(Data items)
■ ■ ■ ■

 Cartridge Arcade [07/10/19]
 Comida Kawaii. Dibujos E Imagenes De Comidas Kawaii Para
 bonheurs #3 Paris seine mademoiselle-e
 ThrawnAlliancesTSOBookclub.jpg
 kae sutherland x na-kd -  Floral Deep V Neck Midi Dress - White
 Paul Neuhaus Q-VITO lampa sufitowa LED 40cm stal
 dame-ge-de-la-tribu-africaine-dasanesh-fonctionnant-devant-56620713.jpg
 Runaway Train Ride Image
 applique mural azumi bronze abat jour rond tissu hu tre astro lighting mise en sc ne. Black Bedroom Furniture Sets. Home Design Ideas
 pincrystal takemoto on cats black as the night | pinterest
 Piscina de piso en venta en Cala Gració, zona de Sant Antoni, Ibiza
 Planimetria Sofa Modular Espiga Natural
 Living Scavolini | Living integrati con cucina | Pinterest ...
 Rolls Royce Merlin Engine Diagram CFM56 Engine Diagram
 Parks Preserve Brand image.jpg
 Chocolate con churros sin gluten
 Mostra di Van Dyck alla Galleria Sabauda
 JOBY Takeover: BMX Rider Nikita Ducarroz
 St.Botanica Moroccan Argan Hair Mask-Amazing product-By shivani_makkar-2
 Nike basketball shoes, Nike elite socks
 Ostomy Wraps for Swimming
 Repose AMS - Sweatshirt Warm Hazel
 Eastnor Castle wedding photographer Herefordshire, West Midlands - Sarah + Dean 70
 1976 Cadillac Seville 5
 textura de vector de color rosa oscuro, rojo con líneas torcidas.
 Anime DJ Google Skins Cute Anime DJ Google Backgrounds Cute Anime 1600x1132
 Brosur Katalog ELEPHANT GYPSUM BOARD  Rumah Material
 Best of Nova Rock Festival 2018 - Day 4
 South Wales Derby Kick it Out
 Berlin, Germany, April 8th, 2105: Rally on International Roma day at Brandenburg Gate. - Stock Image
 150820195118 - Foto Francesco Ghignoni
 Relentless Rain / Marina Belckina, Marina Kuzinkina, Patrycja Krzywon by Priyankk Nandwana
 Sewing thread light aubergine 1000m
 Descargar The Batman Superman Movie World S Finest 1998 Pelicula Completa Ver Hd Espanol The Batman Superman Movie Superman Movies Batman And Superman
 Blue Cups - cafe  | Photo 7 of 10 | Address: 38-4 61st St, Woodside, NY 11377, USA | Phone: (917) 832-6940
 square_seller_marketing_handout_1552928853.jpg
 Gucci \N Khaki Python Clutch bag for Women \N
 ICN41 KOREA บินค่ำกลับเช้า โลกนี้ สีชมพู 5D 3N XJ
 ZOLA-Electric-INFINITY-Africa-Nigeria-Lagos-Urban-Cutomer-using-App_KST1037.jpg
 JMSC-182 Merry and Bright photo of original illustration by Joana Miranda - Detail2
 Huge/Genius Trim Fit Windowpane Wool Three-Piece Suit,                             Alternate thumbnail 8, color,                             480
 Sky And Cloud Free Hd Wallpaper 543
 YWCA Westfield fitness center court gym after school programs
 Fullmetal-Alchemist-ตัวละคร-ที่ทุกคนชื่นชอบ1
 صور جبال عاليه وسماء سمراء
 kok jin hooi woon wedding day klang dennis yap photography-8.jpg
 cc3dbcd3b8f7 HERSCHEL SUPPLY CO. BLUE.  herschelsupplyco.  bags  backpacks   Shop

■ ■ ■ ■

### PROBLEM
Go through the records above and copy every line with the word "color".

### YOUR RESPONSE
 textura de vector de color rosa oscuro, rojo con líneas torcidas.
 Huge/Genius Trim Fit Windowpane Wool Three-Piece Suit,                             Alternate thumbnail 8, color,                             480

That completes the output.